In other news, Best Beloved and I attended two openings last night. One was the official Canberra launch at Beaver Gallery of a body of work I had a lot to do with last year. Of course, all the wrong people got acknowledgements and neither I or the other artslave printer were mentioned.

So we hung around briefly then skipped out to the National Museum of Australia to catch the opening of Exiles and Emigrants. We managed to arrive just in time for the interminable speeches -- at least 5 -- including a man from Tattersalls, who sponsored the show. I thought he was going to draw the connection between emigrants taking a huge gamble on an unknown country, and then getting here and developing a culture of gambling since the first risk was such a thrill... but no, he was very boring. Much less interesting than the car dealer sponsors who stood up at one of the NGA's blockbusters and rabbited on about how Picasso would have loved to drive one of their new cars (while we all inwardly cringed).

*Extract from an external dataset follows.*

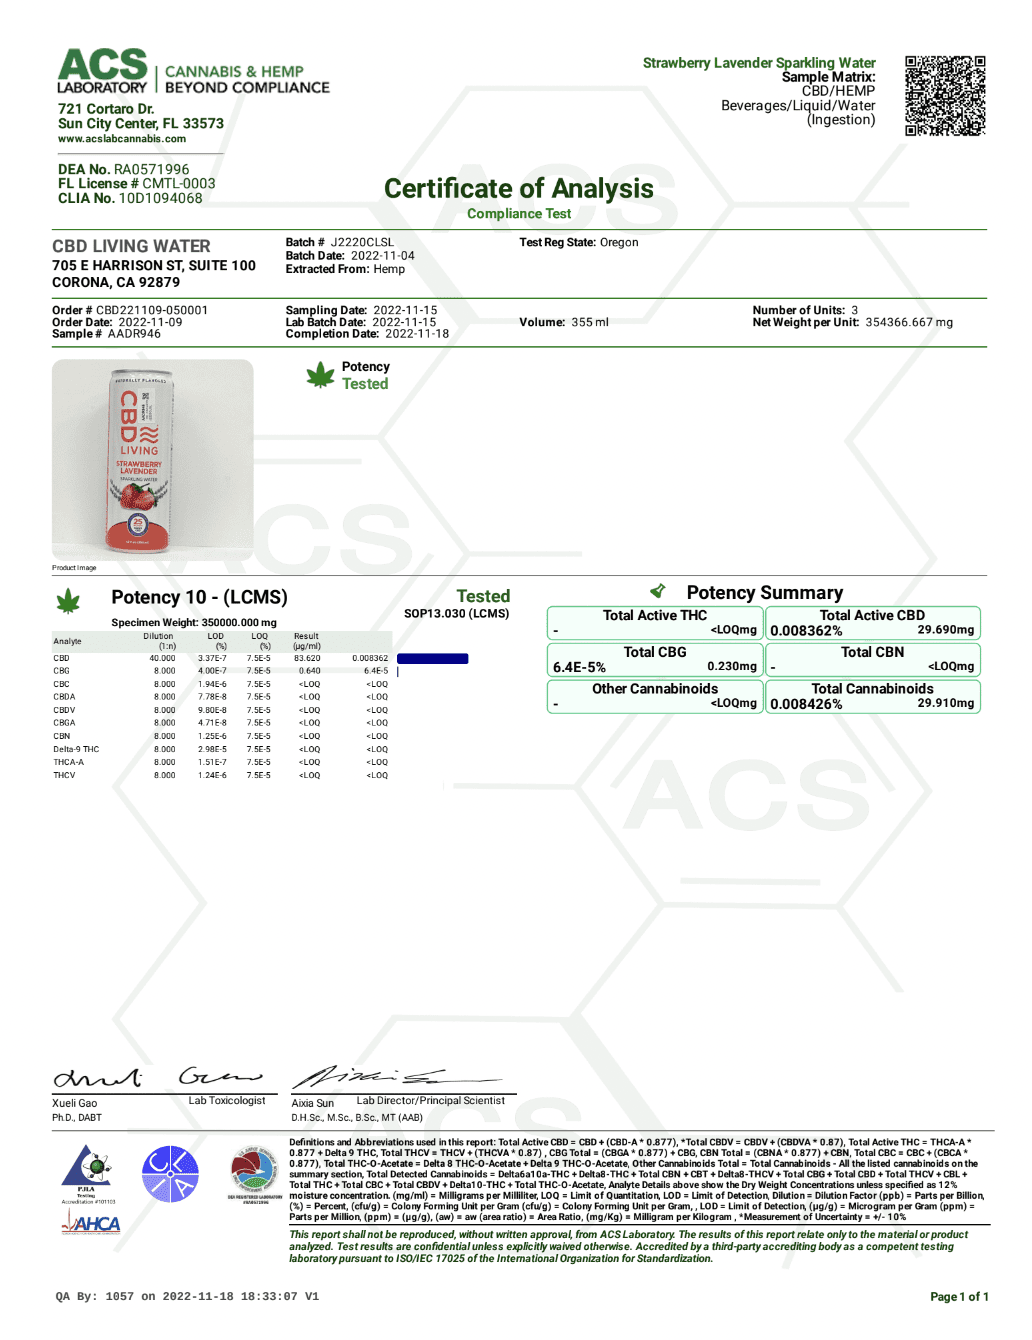 Strawberry Lavendar Certificate of Analysis

The last speaker was the British High Commissioner and she was a ripper of a speaker. She had the hardest gig -- at the end of a number of horrid speakers -- but she had us all rapt. At one point she mentioned that 15 million people emigrated in the time of Queen Victoria. At this Best Beloved almost choked in his drink. His boss in his last job had been so petulant and irrational with his staff that BB had dubbed him 'Queen Victoria With a Bad Period', and nearly all this person's staff had left in a matter of 6 months, including BB. The fact that QVWABP was standing behind BB somewhere in the crowd made the moment even funnier for us.

But top silly points go to the cultural butterflies that were flitting around the exhibition after their free drinks and eaties. A pair of them were gazing at the exhibition's jewel, Ford Maddox Brown's The Last of England. One said to the other, 'Look, it must have been cold... you can see a big iceberg in the background! brrr!'

I looked at BB and we started giggling, hair-triggered by the earlier moment. It's the last of England. They are the white cliffs of Dover. Yes, really. I guess you had to be there. It is a lovely painting. And a terrific exhibition. Go and see it.

Mind you, if you have only limited time to see something arty in Canberra, go to the National Gallery and catch Crescent Moon, a stunning array of Islamic Art. And maybe go to Constable, if only for the room full of cloud studies. I zipped through the landscapes super fast, and sat in the cloud room for AGES. Then I went outside and looked up a lot, which is something I forget to do much of the time. But Crescent Moon is the bomb. Pattern, pattern and more pattern. Catch it before it goes.